Le projet avait d’ailleurs suscité force envolées industrieuses dont celle de François Fillon, grand amateur de sport automobile. « Le Conseil général des Yvelines aura toujours les moyens de construire un circuit de F1 […] Penser que la France n’aurait plus la possibilité d’organiser un Grand Prix de F1 car ce serait au-dessus de ses moyens, sachant que dans le projet des Yvelines le groupe Lagardère, qui a les reins solides, est totalement engagé ? Il faut que tout le monde reste raisonnable… La F1 perdrait beaucoup s’il n’y avait plus de Grand Prix en France. » (7 février 2009).

« Nous voulons garder le Grand Prix de France de Formule 1, qui fait partie de notre patrimoine sportif. Pour cela, il faut réunir plusieurs paramètres, dont le premier est la construction d’un circuit. Ce premier paramètre est réglé, nous avons un président de Conseil général qui s’engage pour 120 millions d’euros ». (Bernard Laporte, avril 2009)
Le président du CG avale un pneu

En pole position dans le dossier, le successeur de Bédier à la présidence du Conseil général des Yvelines, Alain Schmitz, a quant à lui dû avaler une couleuvre en forme de pneu.

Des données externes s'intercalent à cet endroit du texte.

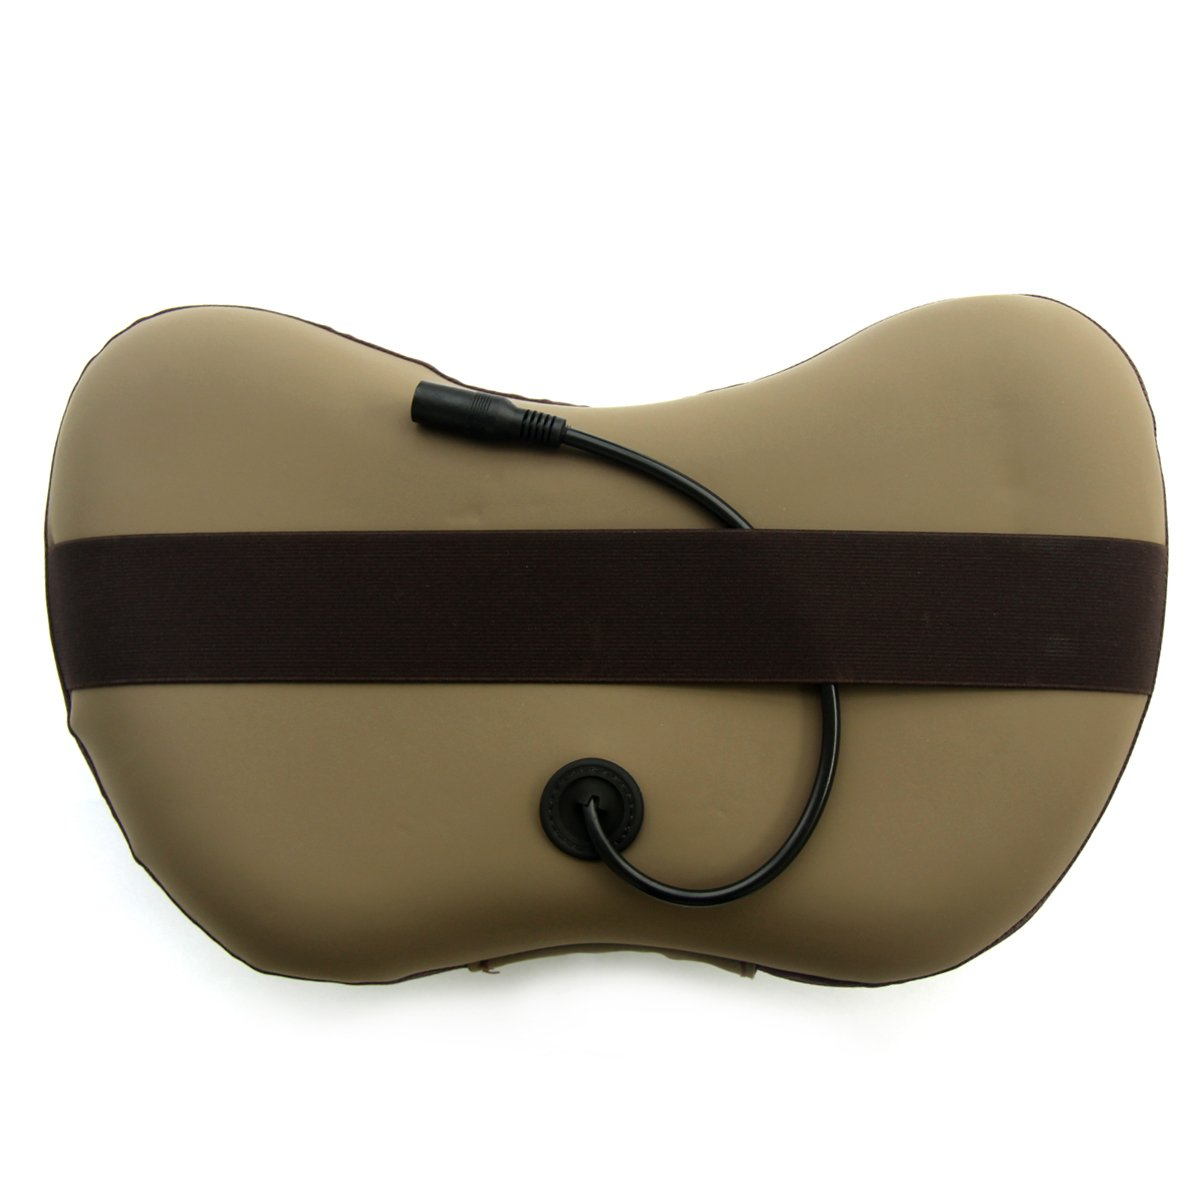 Cojín Masaje Shiatsu para Relajación Cuello Cintura Espalda Pierna & Caldeado y Mando a Distancia para Usar Coche y Doméstico,Oficina: Amazon.es: Bricolaje ...

Ainsi lançait-il encore en juillet : « Quatrième priorité (mais pas des moindres) enfin, la Vallée de l’Automobile (…) pour exister face à la concurrence internationale a besoin d’une vitrine qui lui assure sa renommée : C’est l’intérêt du projet de circuit pour accueillir l’épreuve française d’une compétition de renommée internationale. Ce circuit est la garantie immédiate d’ouvrir la Vallée de l’automobile au monde, d’y attirer les meilleurs chercheurs et de réussir sa reconnaissance internationale. Très rapidement, j’entends créer et organiser la première compétition de véhicules électriques indépendantes du projet F1 mais néanmoins complémentaire. »

Las ! Au même moment, le secrétaire d’Etat au Grand Paris Christian Blanc affirme que « le circuit de Formule 1 ne se fera pas à Flins ! ». Réaction immédiate d’Alain Schmitz : « Je confirme tout mon soutien et celui de mon assemblée (ndlr : le Conseil général) pour que ce circuit voie le jour ». Le projet a « le soutien du Premier ministre ». « J’en ai eu confirmation ce matin même par le conseiller sport du Premier ministre. » Alain Schmitz déclarera finalement l’abandon du projet le 2 décembre 2009.

Mais la pilule n’est pas passée pour tout le monde. Et il a encore été question de Flins sans F1 jeudi dernier, aux premières « Assises nationales du sport et du développement durable (sic) » organisées par Rama Yade. Interrogée sur le dossier Flins, la secrétaire d’Etat aux sports a confié : « Il est selon moi impensable que ce grand projet sportif ait été abandonné pour des raisons écologiques. On doit pouvoir réconcilier le sport et l’écologie ». « Sur le projet de Flins, le sport a perdu face aux écolos, a ajouté Rama Yade. Mais avec ces assises, on assiste au début d’un nouvel échange. Nous écoutons les ONG mais elles doivent aussi nous écouter. »

Le duel auto-bio n’a pas fini de germer.